Едва послышится из волн апельсинового запаха свежий веселый металл водокачки, Платеро радостно взбрыкивает. Бесхитростное будничное счастье! У водостока я наполняю стакан и долгими глотками тяну влажный холод. Платеро погружает губы в тенистую воду и прихлебывает там и сям — скупо и выбирая, где прозрачней.
ОНА И МЫ
Платеро, вот и увез ее — куда? — тот черный, выстекленный солнцем поезд на высокой насыпи, что ушел, пересекая белые облака, на север.
Мы стояли с тобой внизу в желтой немолчной пшенице, ало забрызганной июльскими маками, уже увенчанными пепельной коронкой. И клубы голубого дыма — помнишь? — затуманив на миг солнце и цветы, бесплодно уплыли в никуда…
Мимолетная золотая головка под черной вуалью! Как сновидение в беглой раме окна.
Наверно, она подумала: «Кем они могут быть — этот
А кем еще мы должны быть? Нами… верно, Платеро?
ВОСКРЕСЕНЬЕ
Малый колокол, то рассыпая скороговорку, то затихая, так отдается в утреннем небе, словно синева стала стеклом. И поля, уже заметно сдавшие, золотисто светлеют в этой веселой цветной капели перелетных звуков.
Все, даже сторож, ушли в город, смотреть крестный ход. Мы с Платеро одни. Как покойно, светло и славно! Я отпустил его и лег под сосной, усыпанной безмятежными птицами, с книгой.
В паузы перезвона вступает, все ощутимей набирая звук, кипучая тишина сентябрьского утра. Черно-золотые осы вьются над тяжелыми литыми гроздьями муската, и, словно в красочном превращении, двоятся, на глазах меняясь, цветы и бабочки. И тишь — как огромная светлая мысль.

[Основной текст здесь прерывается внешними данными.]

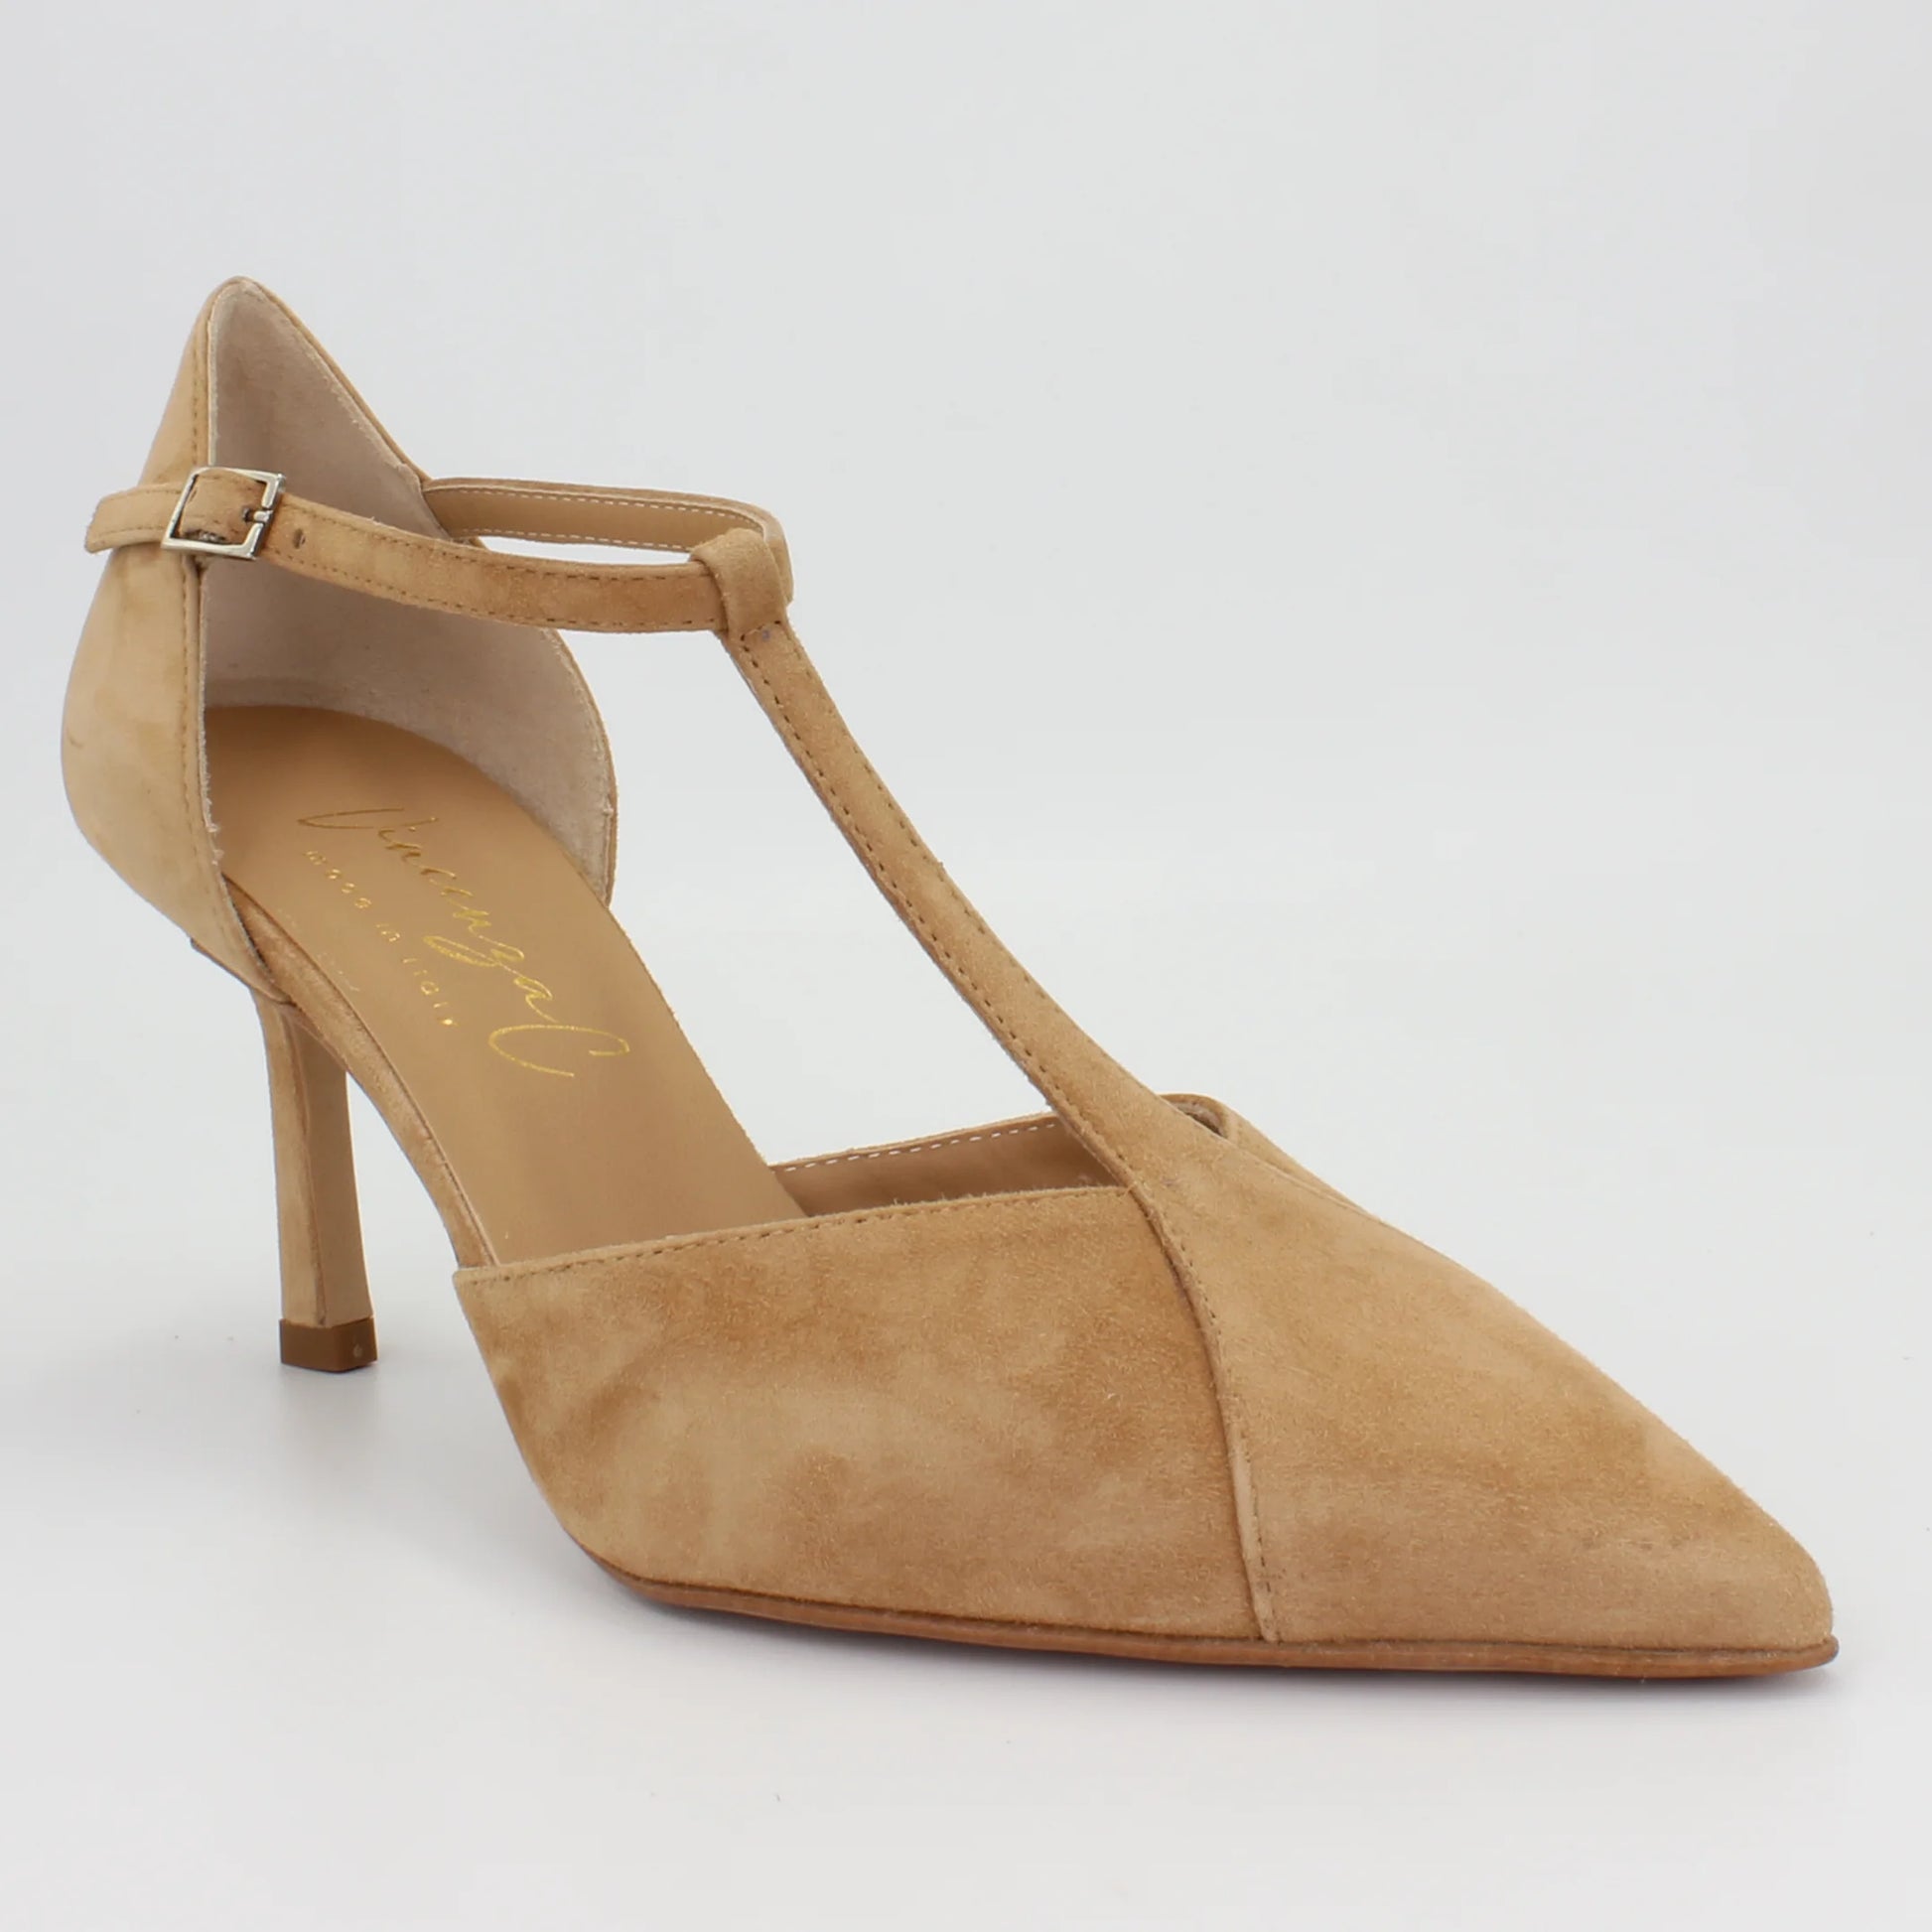 Shop Handmade Italian Leather Suede Mary Jane Legno (V17) or browse our range of hand-made Italian shoes for women in leather or suede in-store at Aliverti Cape Town, or shop online. We deliver in South Africa & offer multiple payment plans as well as accept multiple safe & secure payment methods.

Время от времени Платеро поднимает голову и смотрит на меня… Я опускаю книгу и смотрю на Платеро…
САРИТО
Шел сбор винограда, и багряным вечером я был на винограднике у ручья, когда женщины крикнули, что меня ищет негритенок.
Я не дошел еще до гумна, когда он сбежал по тропинке.
— Сарито!
Это Сарито, слуга Росалины, моей пуэрториканской подруги. Он удрал из Севильи и отправился дразнить быков по захолустным аренам; теперь он шел из Ньеблы — через плечо, вдвойне багряный, плащ, желудок пуст и карманы тоже.
Виноградари следили за ним искоса, с едва скрываемой брезгливостью; женщины, скорее из-за них, чем сами по себе, отворачивались. Только что, проходя через давильню, он подрался с пареньком, и тот раскромсал ему зубами ухо.
Я тепло улыбнулся. Сарито, не решаясь приласкаться, приласкал Платеро, подошедшего с гроздью в зубах, и поднял на меня благородные глаза…
ГРОЗА
Страх. Замершее дыханье. Холодный пот. Низкое жуткое небо душит зарю. (Скрыться некуда.) Глухо… Любовь застыла. Дрогнула совесть. Вина закрывает глаза. Все глуше и глуше…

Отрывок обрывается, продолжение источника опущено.